Let’s face it, at this point the vampire genre is pretty much a lifeless corpse with all the juicy blood sucked out of it. I mean, even Angel has given up the ghost. Nonetheless, Vertigo Mystery Theatre has chosen to première a new, straight-faced dramatization of Sheridan Le Fanu’s Carmilla, the 1872 horror classic that prefigured Dracula.

And there are times when it just about works. Calgary playwright Nicole Zylstra’s loose adaptation, dubbed Innocent Blood, alters a great many details and provides a new twist ending, but retains the mystery of the original and builds on its surprising eroticism. John Paul Fischbach’s production, meanwhile, features some genuinely eerie special effects, as well as a great gloomy, blood-drenched design motif to put you in the mood.

But those advantages are undercut by actors using silly accents and by an even sillier conceit – a vampire who bursts into song before taking a bite out of her victim. You could say she sings for her supper.

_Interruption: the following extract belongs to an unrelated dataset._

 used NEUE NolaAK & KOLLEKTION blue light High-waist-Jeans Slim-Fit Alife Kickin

Whenever Natascha Girgis’s alluring villainess launches into one of Danielle Franch’s spooky songs, you feel like we’ve switched to Carmilla: The Musical. And, even though Girgis is a terrific singer, the effect is so cheesy that it scuttles whatever hope there was of taking the show half-seriously.

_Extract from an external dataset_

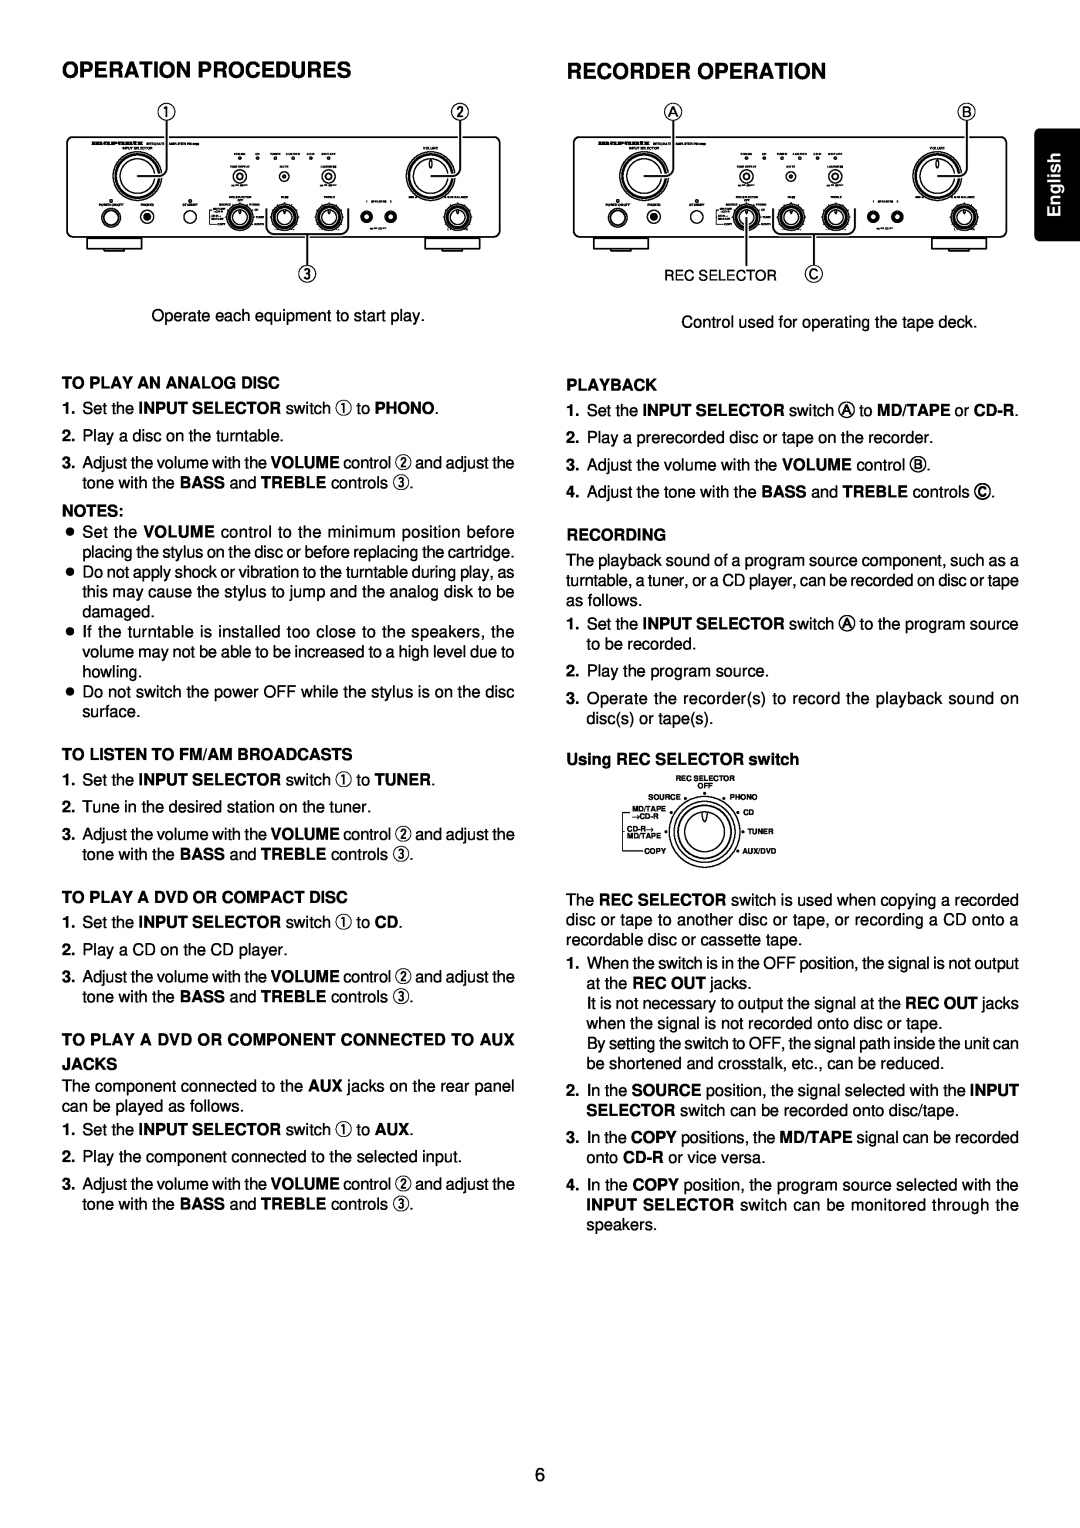 Marantz PM4200 manual Procedures, Recorder Operation

Then again, maybe that’s already a lost cause as soon as the other actors open their mouths. The worst offenders in the bad accent department are the putatively English characters: Esther Purves-Smith as the naïve young heroine Lara, Robert Klein as her father, Dr. Ellis, and especially Gail Hanrahan as her governess, Miss Bell. Purves-Smith’s Lara lays on the upper-class vowels with a trowel, sounding as though her previous governess was Dame Judi Dench. Klein’s accent, meanwhile, is so thinly applied that the original Canadian keeps poking through. But Hanrahan offers the most unwitting entertainment, her Miss Bell sounding by turns Irish, cockney and even Scottish. The character may be an anglophile, but her accent certainly gets around.

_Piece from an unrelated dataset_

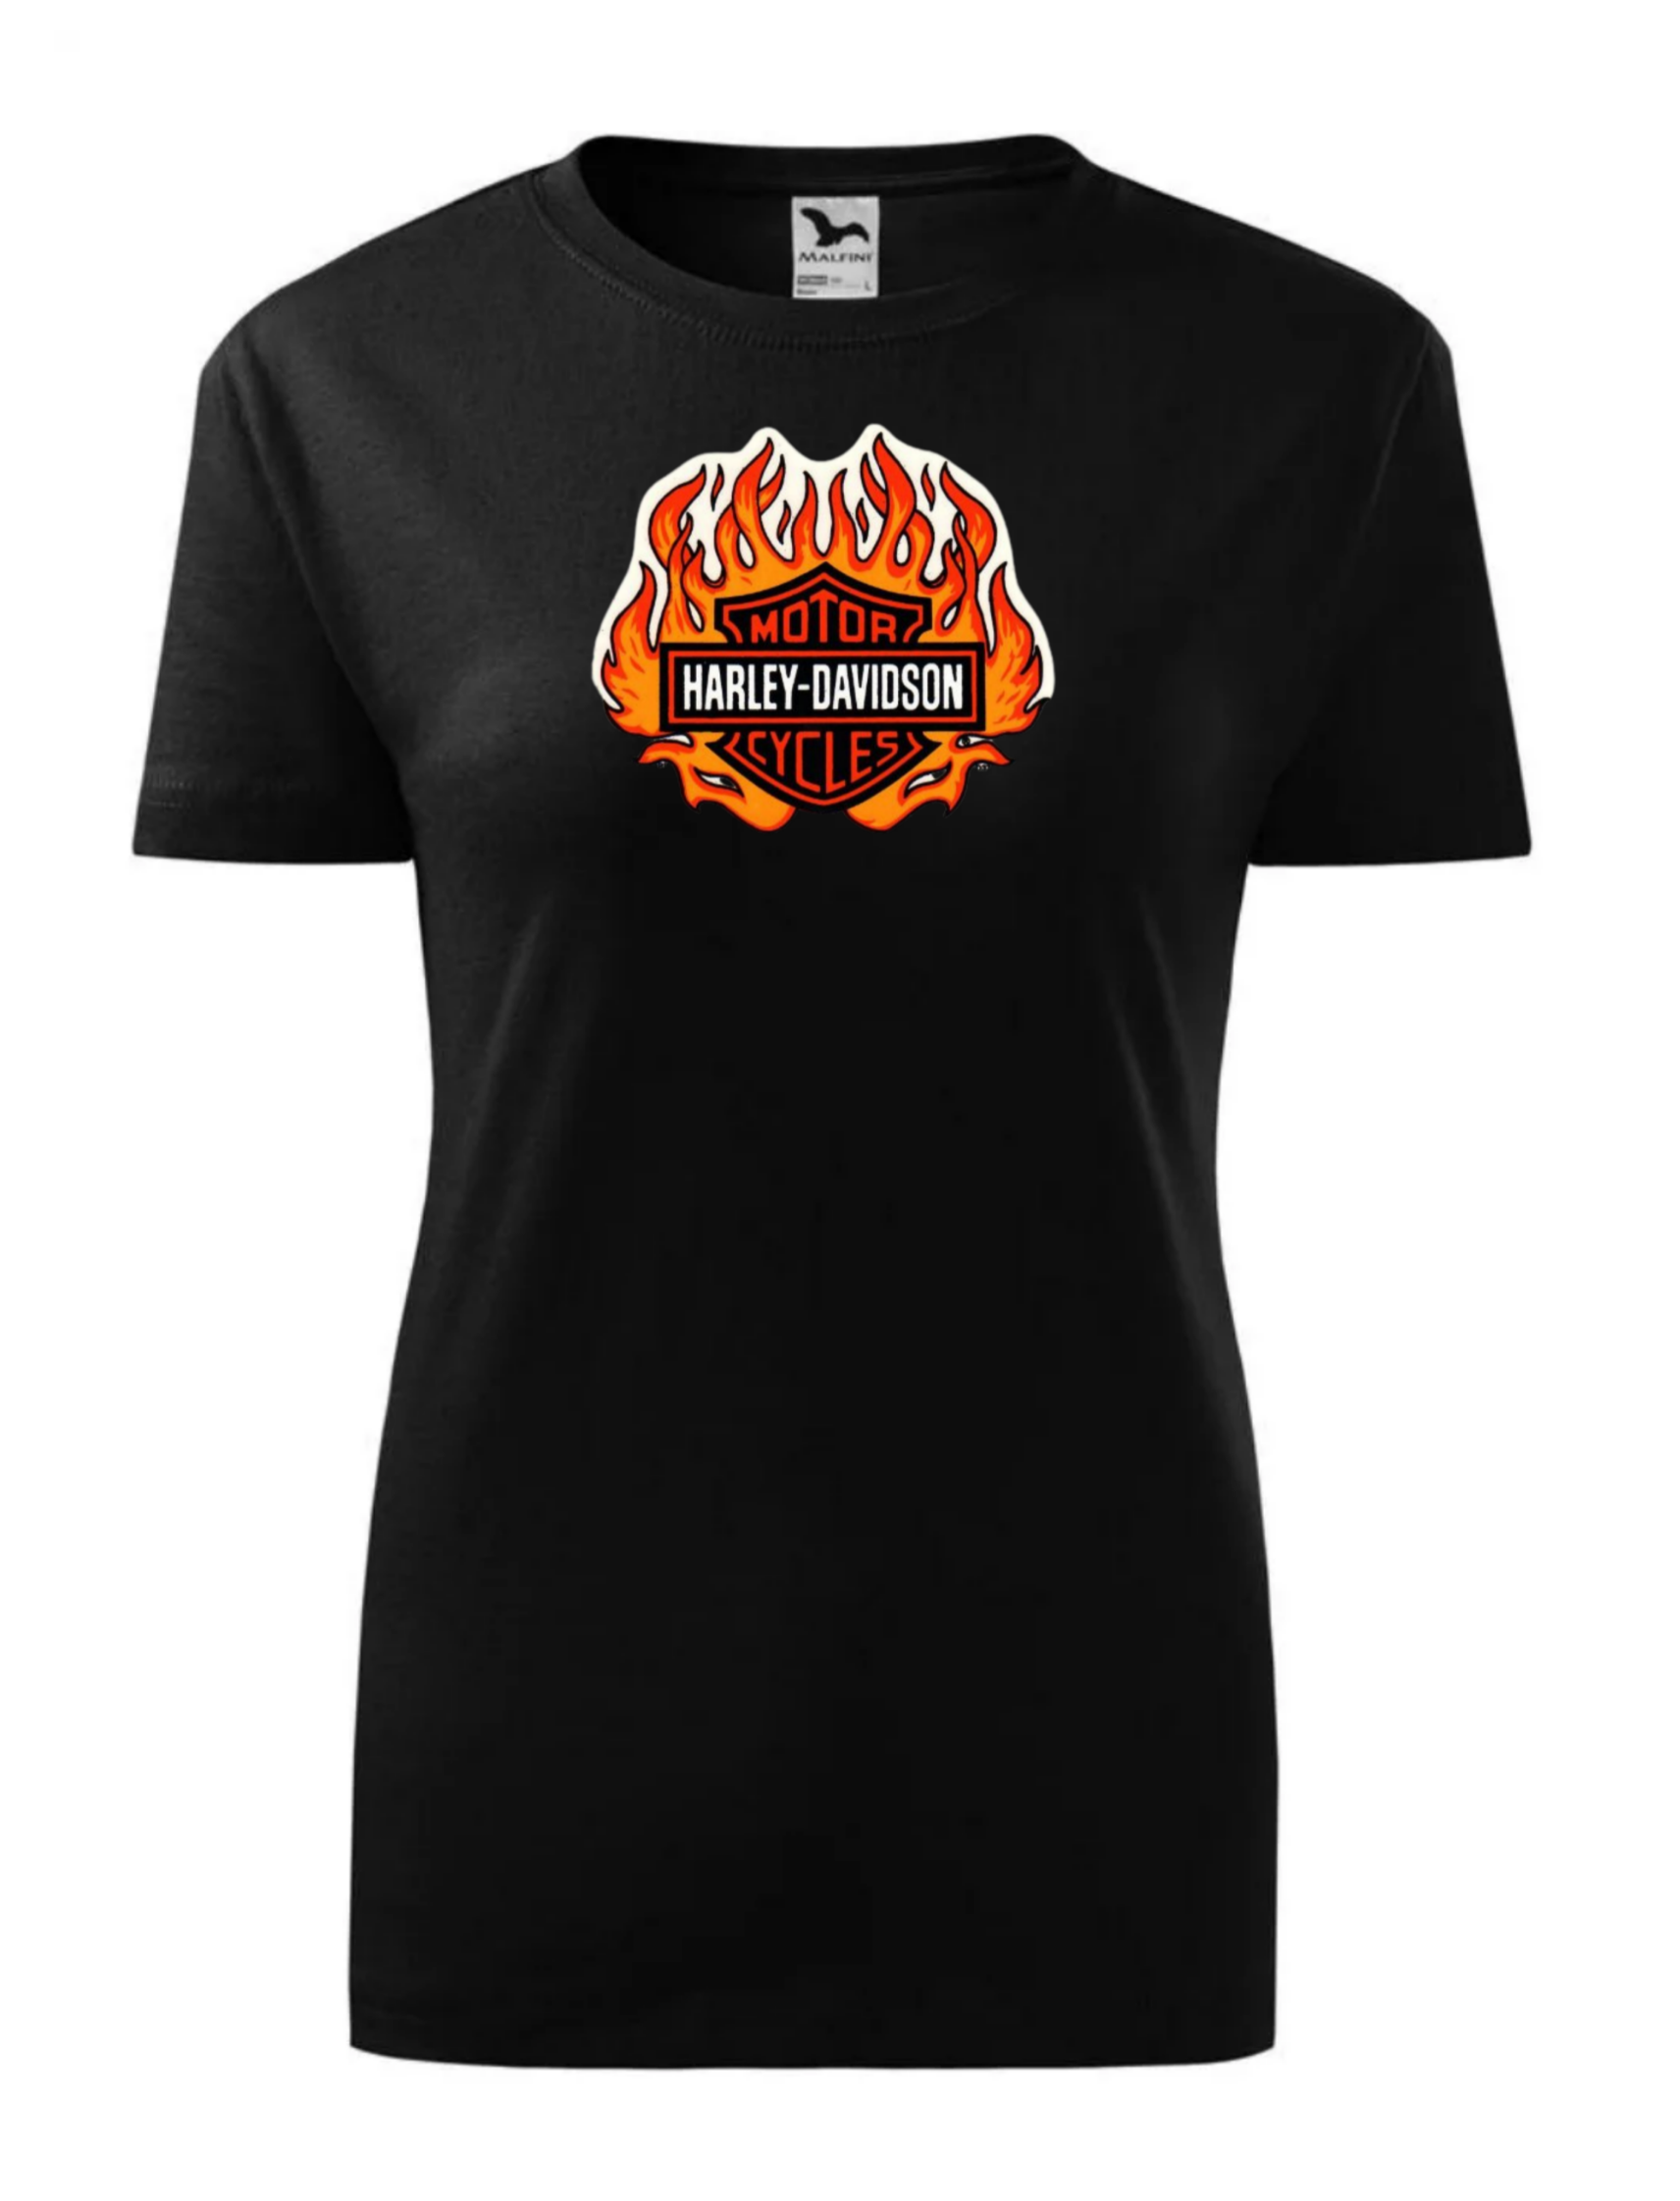 Dámské tričko s potiskem značky Harley Davidson 26

Ironically, when Eastern European vampires Girgis and Kathryn Kerbes turn up disguised as mother and daughter at the Ellis’s estate, speaking in the requisite Bela Lugosi inflections, their accents actually sound more authentic. They also give the most enjoyable performances. Girgis in particular is a suitably languid and darkly sensual Carmilla, more Theda Bara than Vampira, and gratifyingly subtle – well, as subtle as you can get when you’re playing a Victorian lesbian vampire, and a musical one at that.

Unfortunately, her lover-cum-victim doesn’t measure up. I never thought I’d be writing this, but the perennially girlish Purves-Smith is finally too old for a role. Although she does a great job of swooning – she has the knee-buckling down perfectly – her Lara is too headstrong and mature to be an innocent little virgin, and she’s cursed with a massive wig of golden curls that makes her look like a fugitive from a Restoration comedy.

Klein’s doctor is passable but dull and Hanrahan’s complaining governess becomes tiresome, but the cast isn’t the real problem here. If director Fischbach wanted audiences to suspend their disbelief, he should have axed their unnecessary accents and put a stake through Carmilla’s numbers – French’s songs would work better as entr’acte and transitional music.

On the other hand, his design team of Scott Reid (set), Pierre Marleau (lighting) and Linda Leon (costumes) deserve a bouquet of blood-red roses, or maybe a round of bloody marys, for the production’s heavy gothic atmosphere and clever sanguine colour schemes. And make that a double for Marleau, whose superb lighting is rich in details, from the flickering of an unseen fire on a hearth to the glistening of blood as it spills from an opened vein. Bloody good work.